The clinical features of gout are caused by deposits of monosodium urate crystals in the tissues. The main clinical manifestations of gout are gouty arthritis, the accumulation of crystals in the connective tissues (tophi), uric acid nephrolithiasis, and renal failure.1 Tophi appear after a long period of hyperuricemia. The prevalence of this condition has been reduced by effective therapies and is now limited to patients who fail to comply with treatment and those in whom the diagnosis of gout is delayed.2 Rarely, tophi may be the first sign of hyperuricemia.3 Tophi appear as whitish-yellowish dermal papules or subcutaneous nodules that are firm to the touch. The borders may be smooth or lobulated. They appear most frequently on the skin covering the joints and on the helix of the ear. Presentation as numerous small papules appearing rapidly on the hands is very rare. Historically, this condition has been referred to as intradermal tophi or pustular gouty tophi. The term milia-like tophi has recently been proposed for this entity based on the similarity between these lesions and millet seeds as well as the wider distribution of the lesions involving not only the fingertips, which has been previously described, but also the palms.4 The main histologic feature of gouty tophi is the presence deposits of an amorphous material within the dermis and subcutaneous cellular tissue.

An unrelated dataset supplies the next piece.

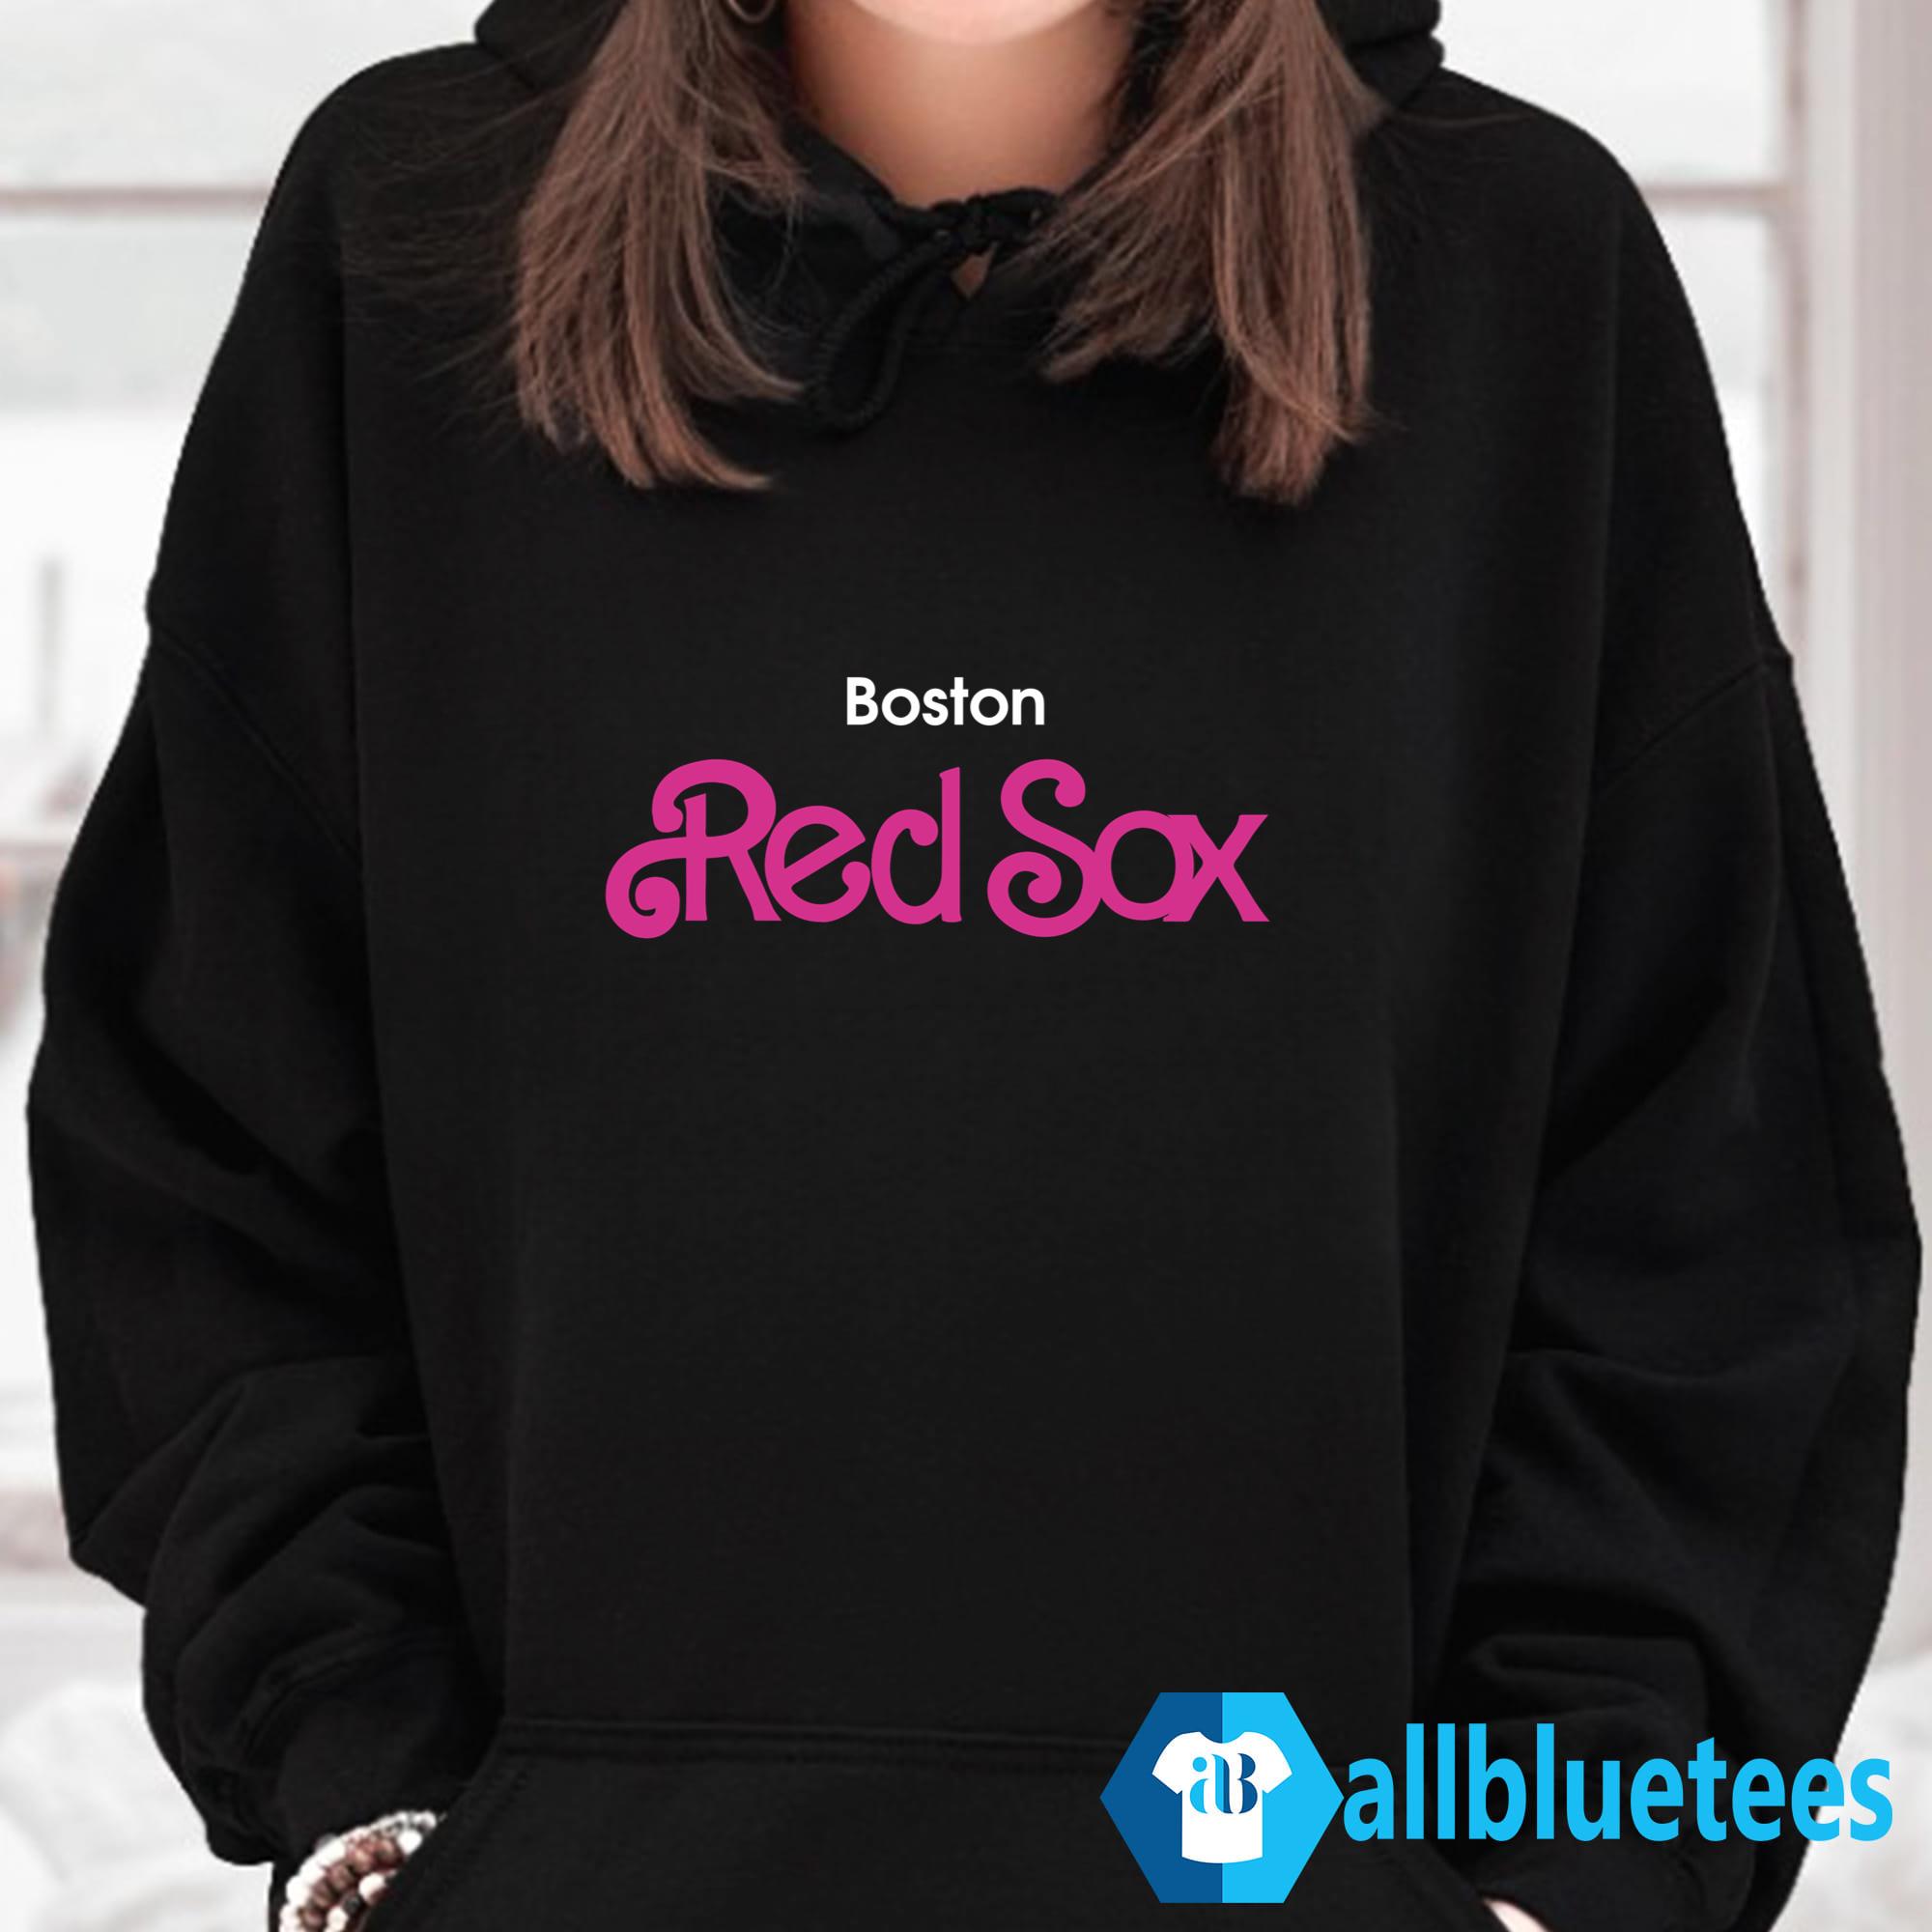 Barbie Night Kenway Park Boston Red Sox Shirt

These deposits contain acicular clefts, caused by the dissolution of urate crystals, and are surrounded by an infiltrate comprised of histiocytes, in the form of multinucleated giant cells, and lymphocytes, sometimes with the presence of a fibrous capsule. The epidermis may be intact or ulcerated. During standard processing and fixing techniques most of the urate crystals are dissolved and fixation in ethanol or freezing of the tissue is therefore necessary to identify the crystals.5

When observed under a polarized light filter, the acicular crystals exhibit negative birefringence. The clinical differential diagnosis of gouty tophi should include xanthomas, rheumatoid nodules, and calcinosis cutis. The prolonged use of medications that reduce uric acid levels such as allopurinol can successfully treat newer, smaller lesions,6 while larger lesions may be removed surgically.

The authors declare that they have no conflicts of interest.